* TASK INSTRUCTIONS: Transcribe the data exactly, pictures excluded.

* DATA:
----------
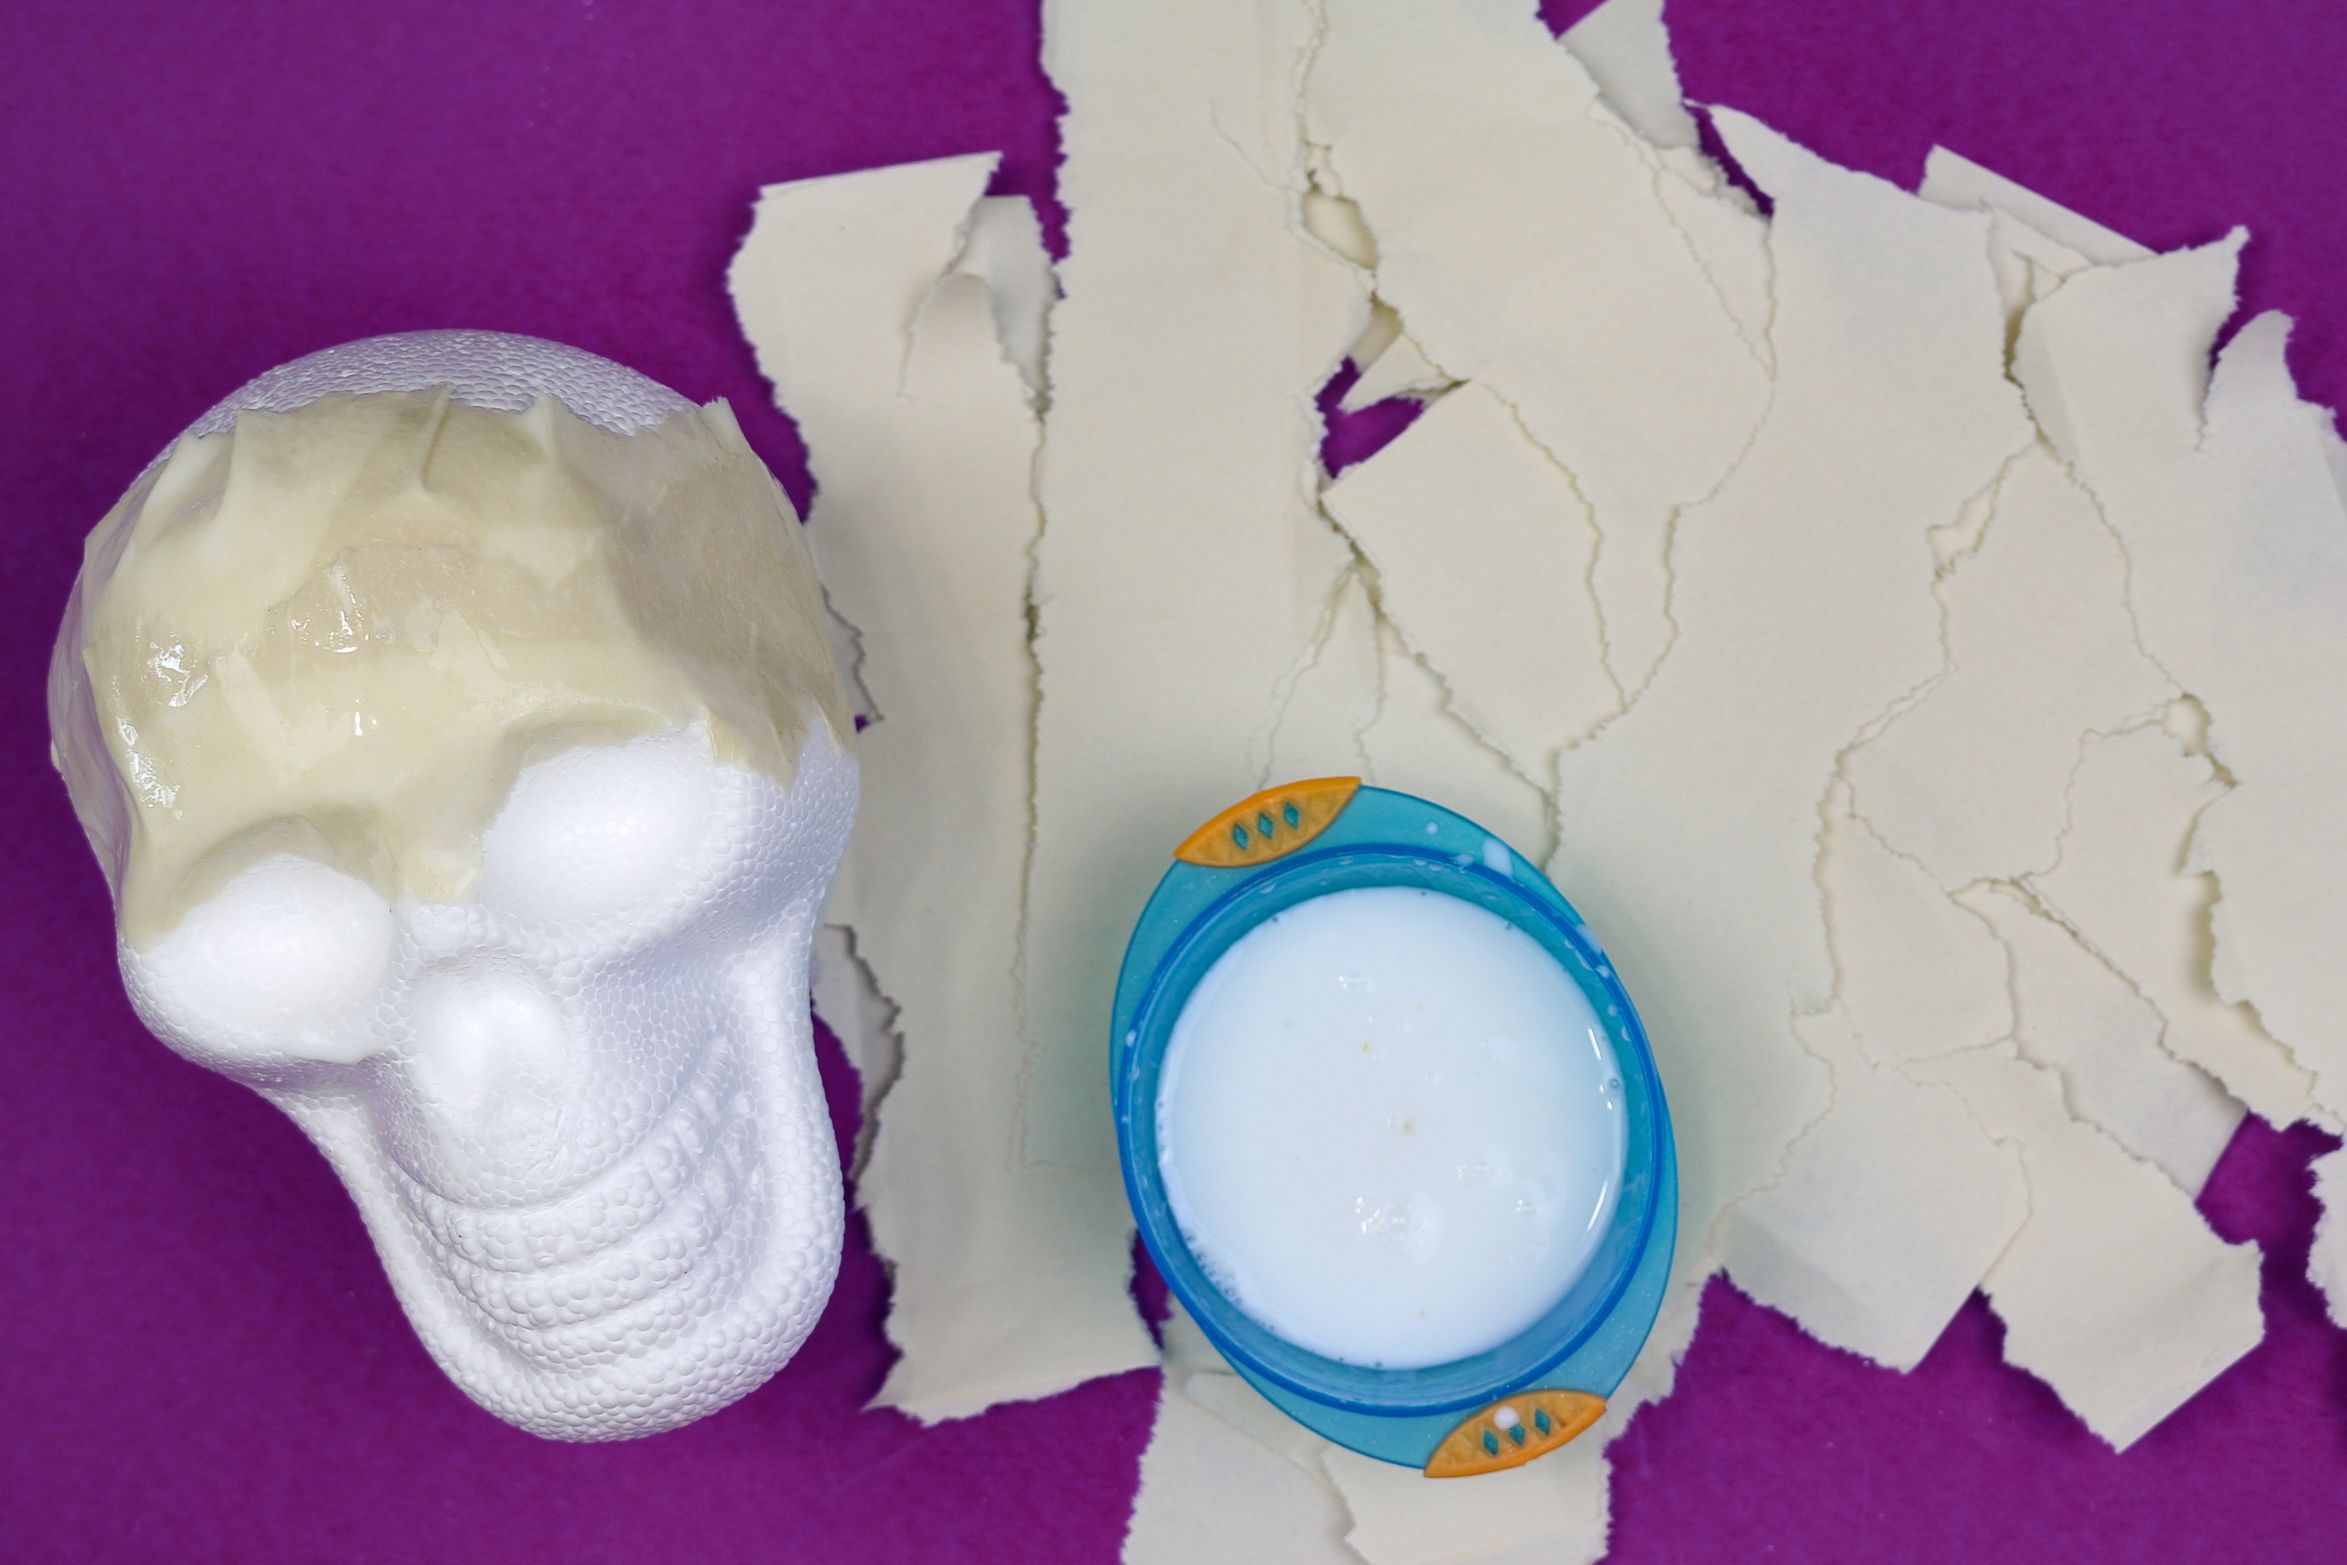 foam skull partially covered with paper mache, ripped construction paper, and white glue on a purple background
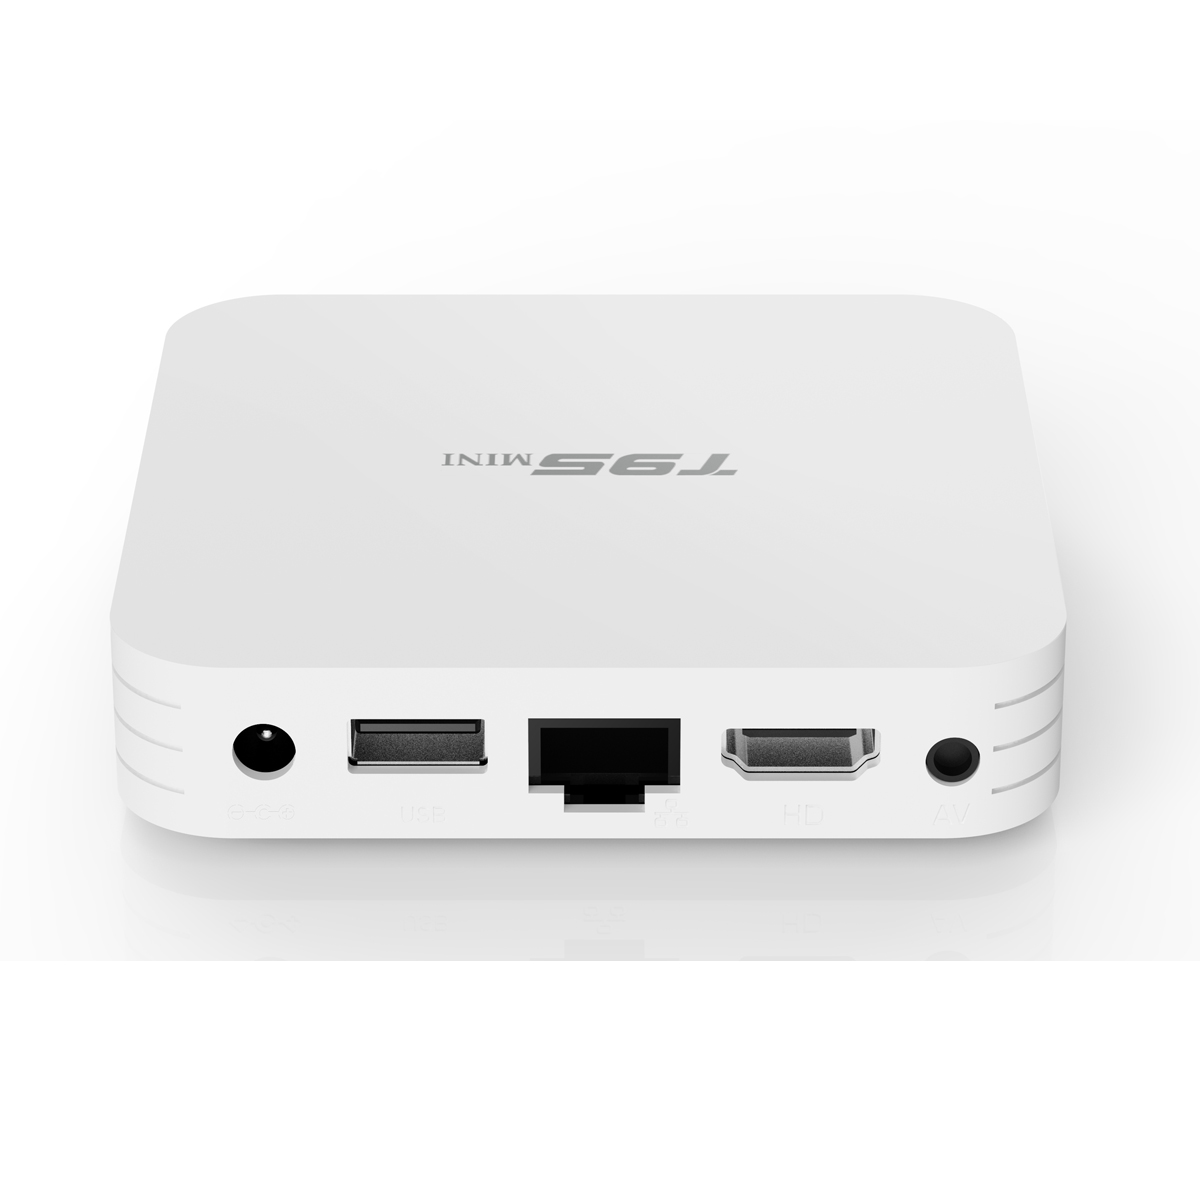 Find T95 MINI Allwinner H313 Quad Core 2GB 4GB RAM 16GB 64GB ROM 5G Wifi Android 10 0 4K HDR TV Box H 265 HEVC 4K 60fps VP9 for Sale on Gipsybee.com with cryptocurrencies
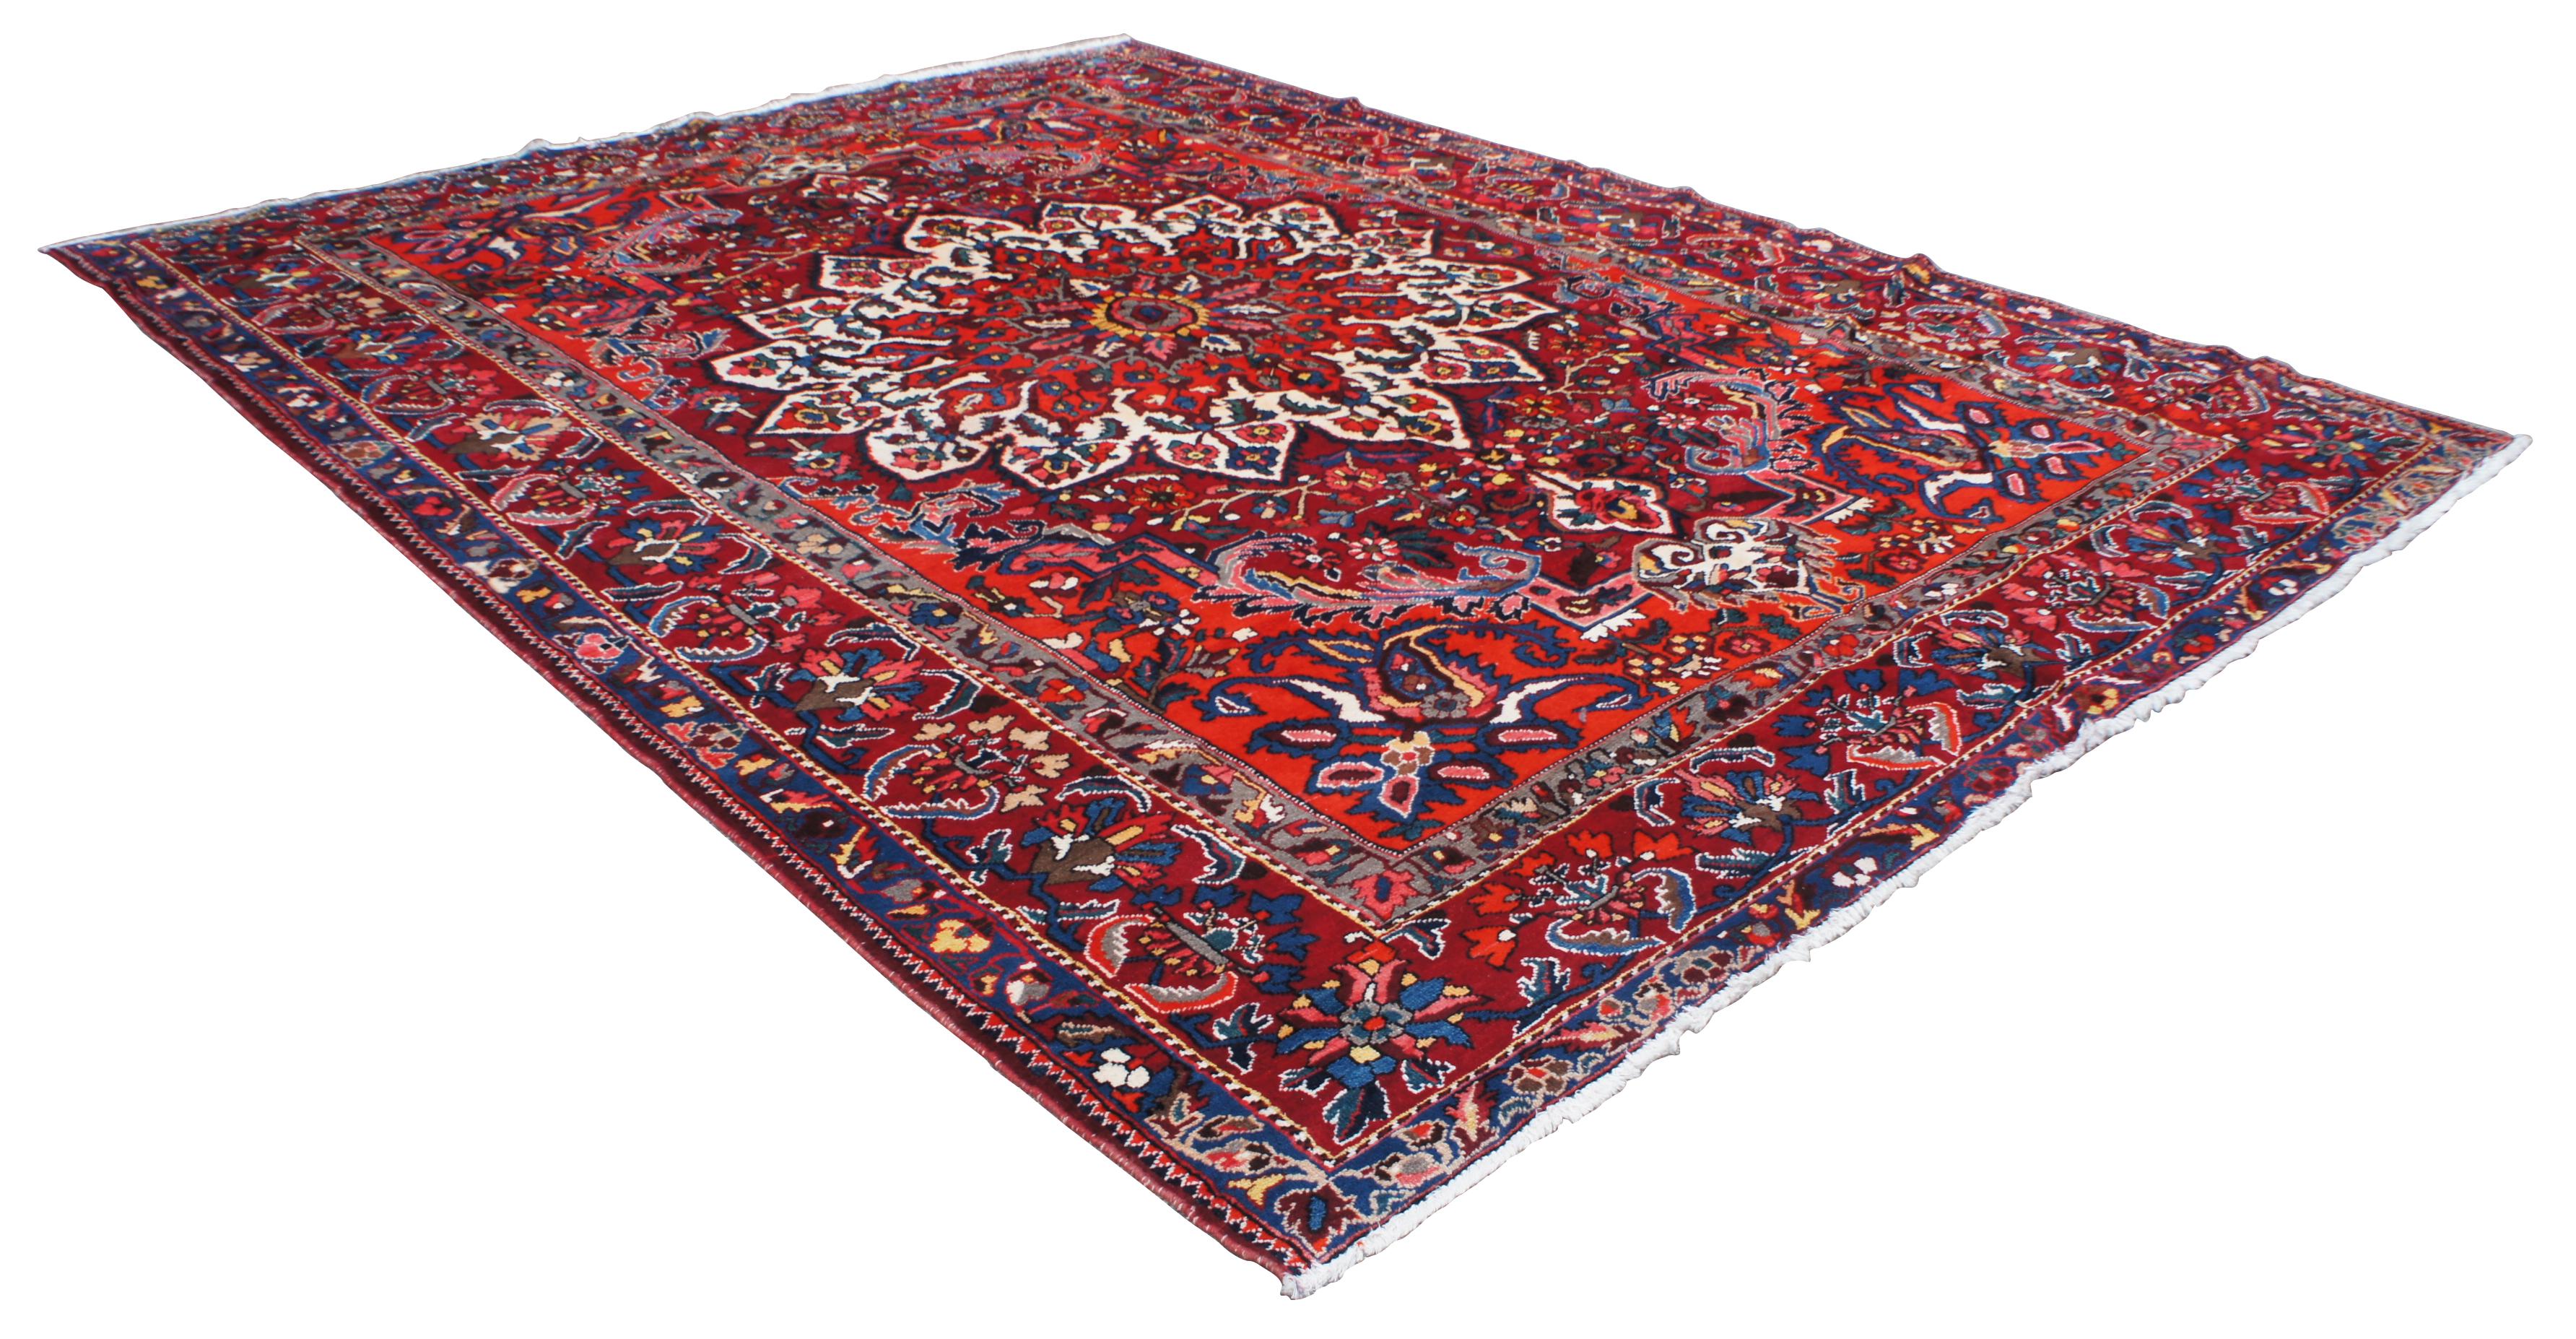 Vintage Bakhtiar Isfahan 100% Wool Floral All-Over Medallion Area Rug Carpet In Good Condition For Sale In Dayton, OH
----------
* EXERCISE ANSWER:
 foam skull partially covered with paper mache, ripped construction paper, and white glue on a purple background
 Find T95 MINI Allwinner H313 Quad Core 2GB 4GB RAM 16GB 64GB ROM 5G Wifi Android 10 0 4K HDR TV Box H 265 HEVC 4K 60fps VP9 for Sale on Gipsybee.com with cryptocurrencies
 Vintage Bakhtiar Isfahan 100% Wool Floral All-Over Medallion Area Rug Carpet In Good Condition For Sale In Dayton, OH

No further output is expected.